Сейм этот собрался в Городне в начале 1568 г. Станы определили дать с каждой крестьянской оседлой волоки или службы, считая в литовской службе три обыкновенных дыма, по 48 грошей, с лишних дымов – по 16 грошей, с больших дымов, двух или одного, которые находятся на полной службе, – по 48 грошей, с дымов поднепрских, киевских и волынских – по 24 гроша, с огородников – по 4 гроша; с мещан владельческих, сидящих на волоках, – по 48 грошей; с мещан, владеющих землею не более как на 10 бочек или только огородами – по 4 гроша; с мещан, владеющих только домами, – по 2 гроша от ворот. Бедные шляхтичи, не имевшие крестьянских служб, а только огородников или совсем не имевшие подданных и выставлявшие на войну коня по очереди или в складчину от нескольких семей, обложены были копою грошей с каждого коня; шляхтичи подляшские подобной категории – по 30 грошей с каждой волоки, находящейся в их владении и пользовании. Равным со шляхтою податком обложены были и духовные греческого и римского закона со светских имений. Общее постановление по просьбе станов распространено было и на Лифляндскую землю, которая уже присоединена была к Великому княжеству, считалась его «члонком» и имела своих представителей на сейме, сенаторов и послов. Военнослужилые татары обложены были также на равных основаниях со шляхтою. Податок должны были собирать избранные на сейме поборцы поветовые, которые должны были взыскивать судебным порядком серебщину вдвойне с тех, кто не внесет ее в срок. Господарь со своей стороны наложил такой же податок и на своих подданных, мещан и волостных людей; на жидов положил поголовщину в размере 12 грошей с каждой головы. Серебщину с господарских людей должны были собирать старосты, державцы или их урядники и представить в срок в скарб, под страхом взыскания недоимок с их собственных имений.

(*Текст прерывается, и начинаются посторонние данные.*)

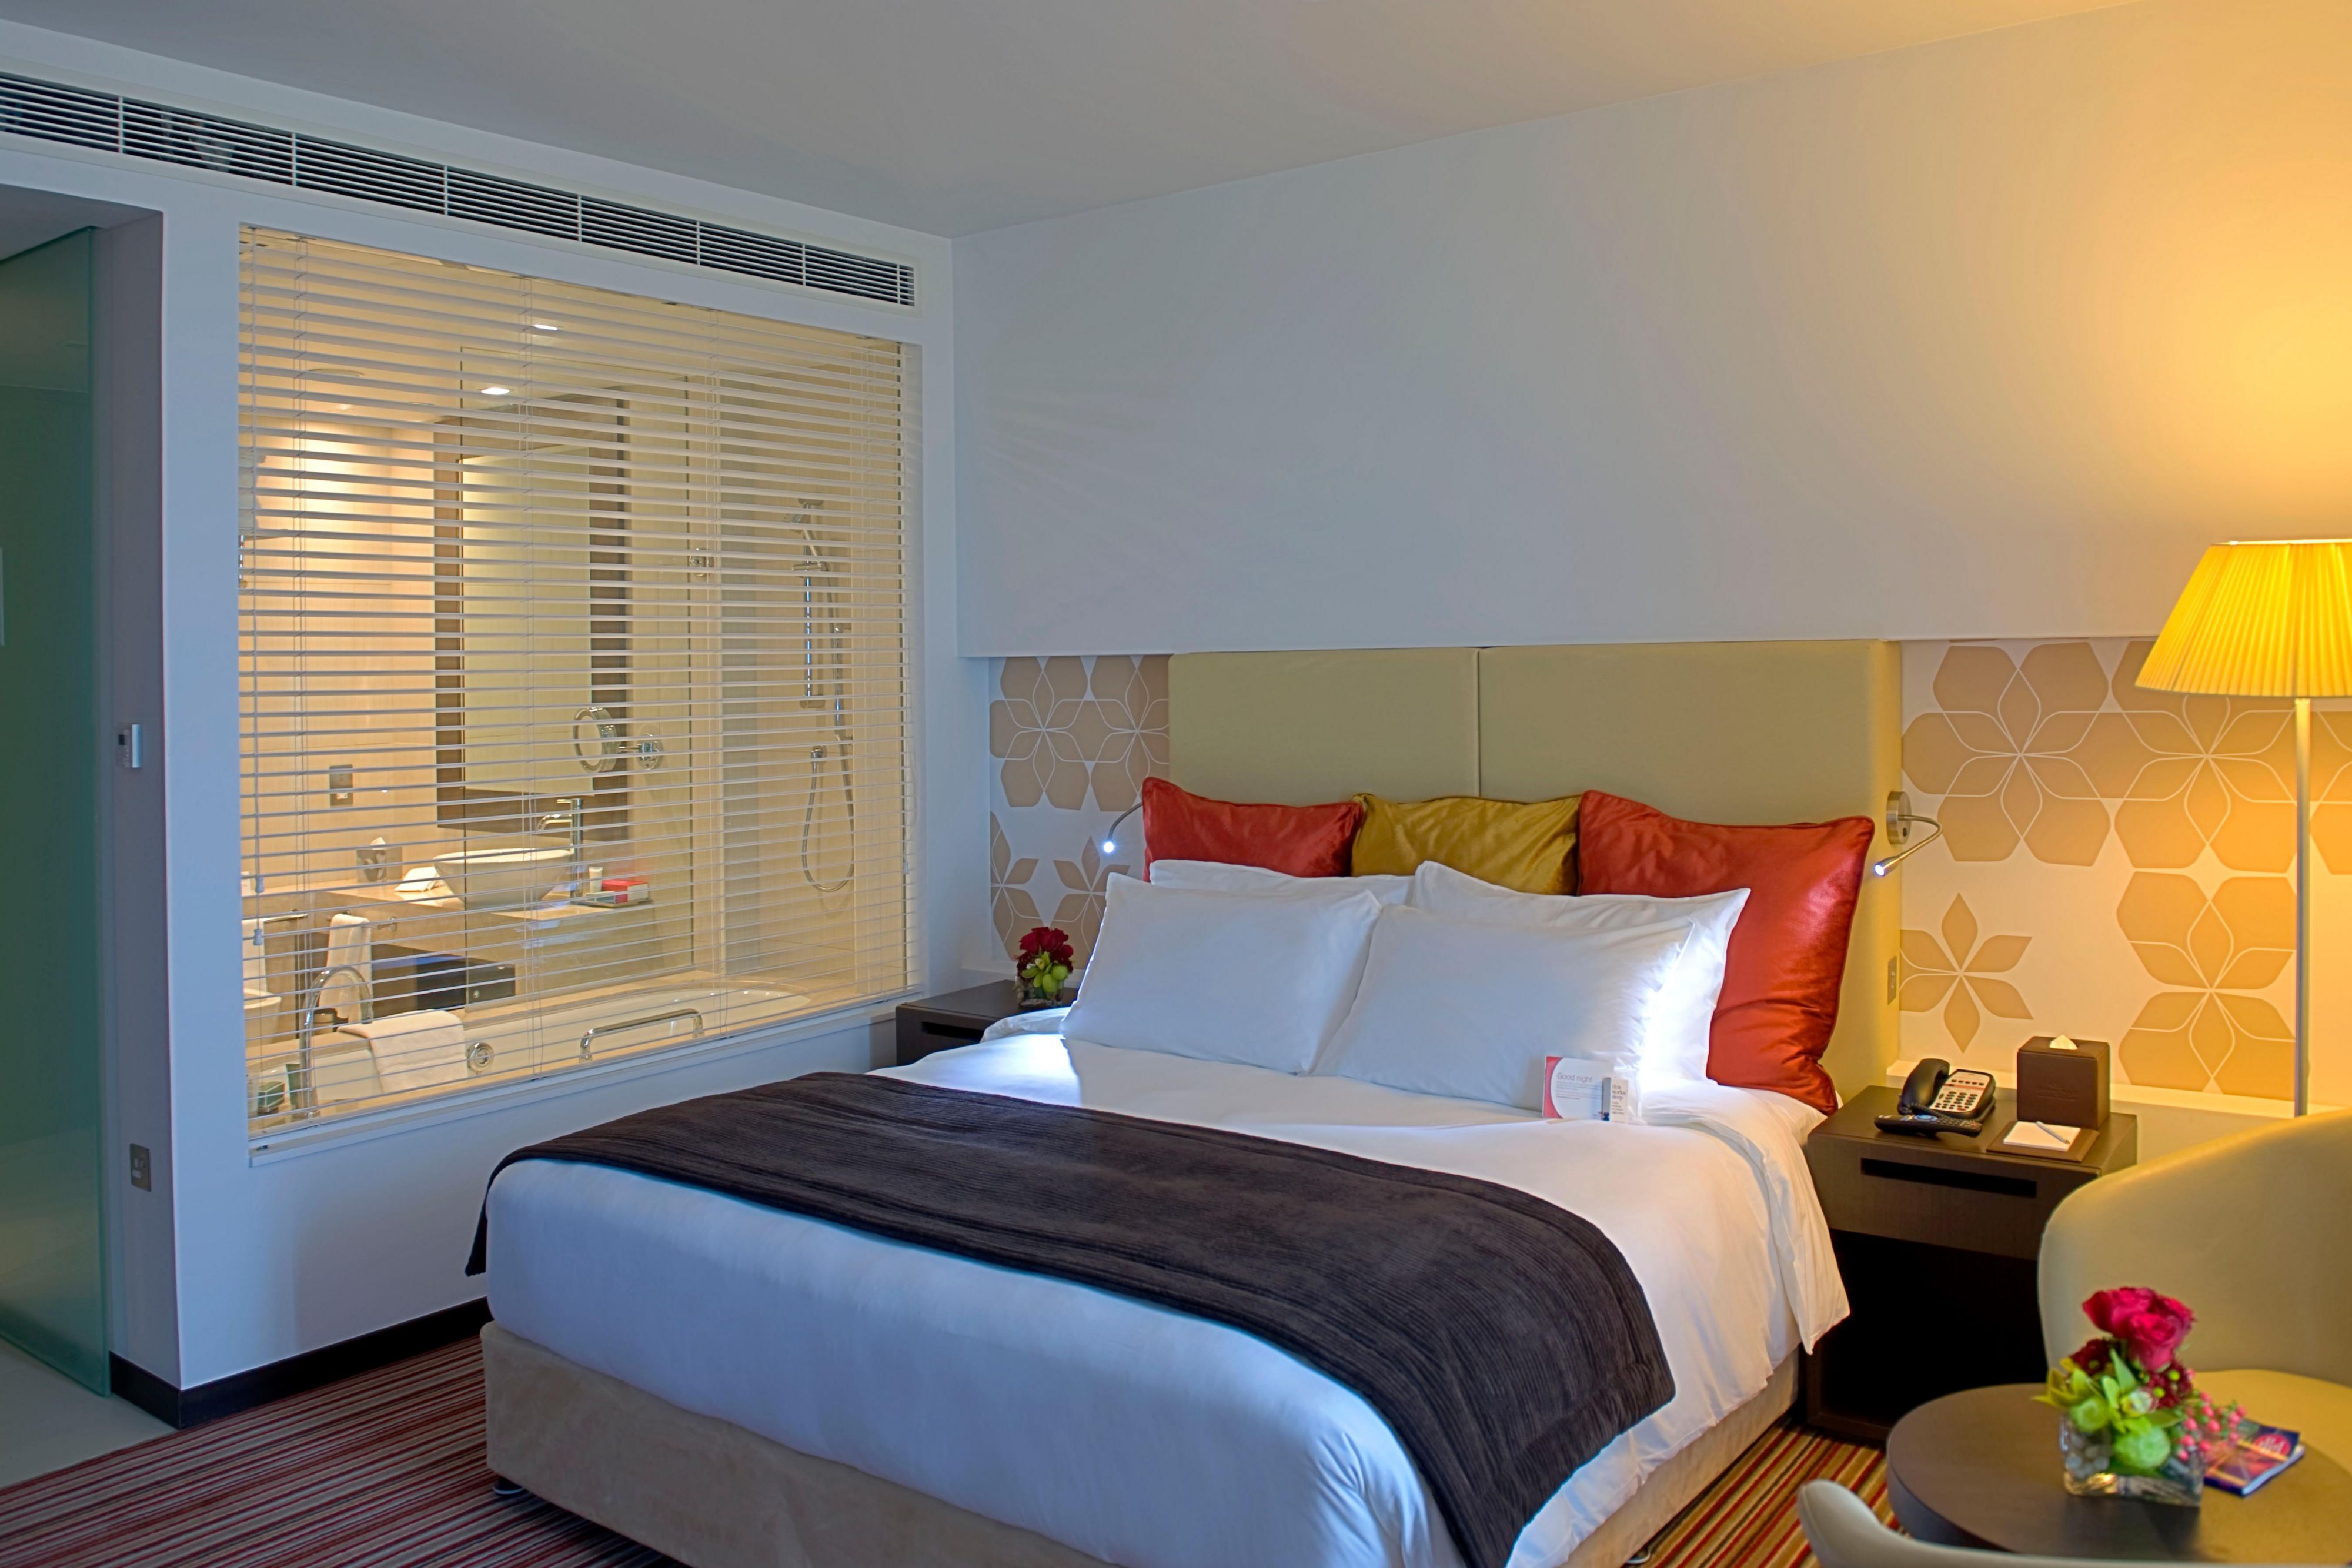 Have a quiet sleep and relaxing stay at our Superior Room

Податок определен был сеймом взамен «посполитого рушенья». Господарь обязался не вызывать шляхту на войну в текущем году, если не произойдет неприятельского вторжения в Великое княжество. Затем станы поставили условием, чтобы определенная ими серебщина шла на уплату жалованья только тем жолнерам, которые будут навербованы после сейма для обороны государства. Расходование новой серебщины было предоставлено гетману наивысшему, на которого возложена была обязанность вербовать жолнеров и иметь их под своей «справою и послушенством». Бирчим поветовым строжайше, под страхом начета, было запрещено расходовать собранные ими суммы на какие-либо иные назначения или по каким-либо иным ассигновкам, кроме «квитов» гетмана.

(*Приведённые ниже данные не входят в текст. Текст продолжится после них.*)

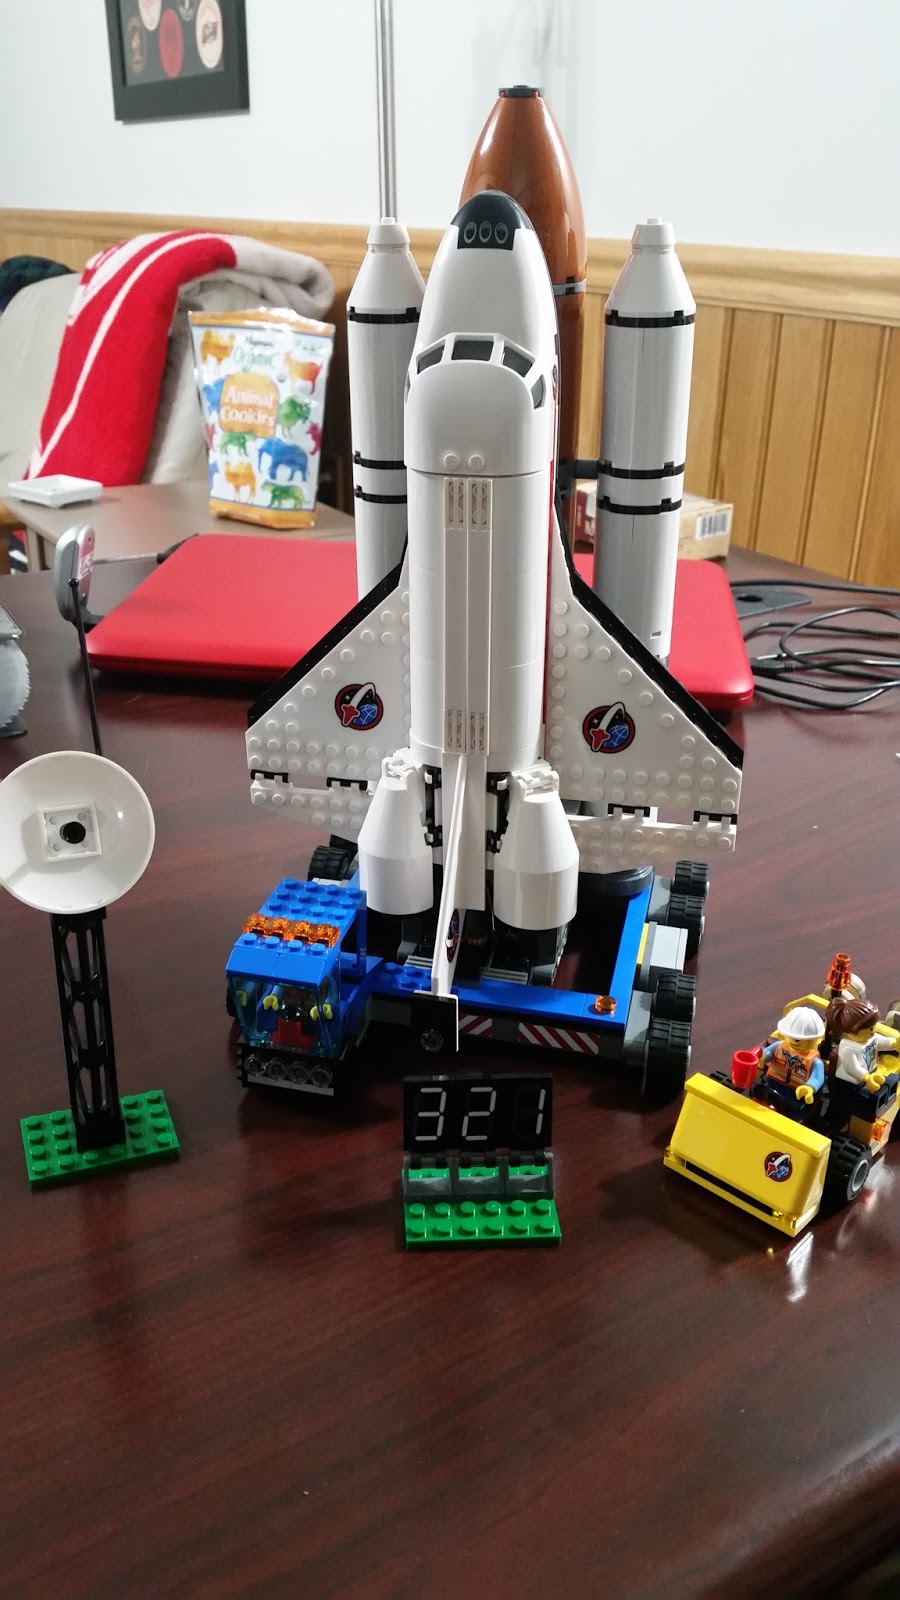 historie nøje feudale REVIEW: LEGO 60080 - Spaceport

Эти постановления обнаруживают, что в эпоху Ливонской войны усложнились обязанности и гетмана наивысшего: он уже не только был фельдмаршалом, но стал превращаться в военного министра, обязанного заботиться между прочим и о комплектовании армии. Эта эволюция гетманской должности констатируется и другими современными свидетельствами. Так, еще в 1566 г. на гетмана был возложен главный надзор над состоянием украинных замков, для обозрения которых он должен был отряжать доверенных лиц. В заботах о пополнении войска гетман стал раздавать даже земли до воли и ласки господарской в тех местностях, где в данное время пользовался наивысшею властью по военному положению. Такая эволюция гетманской фельдмаршальской должности была естественным последствием усложнения дела военного управления в связи с затянувшеюся войною. Война, сделавшаяся хроническим явлением, потребовала постоянного войска и интенсивной оборонительной деятельности, а эти обстоятельства, в свою очередь, вызвали и соответствующее развитие военной администрации.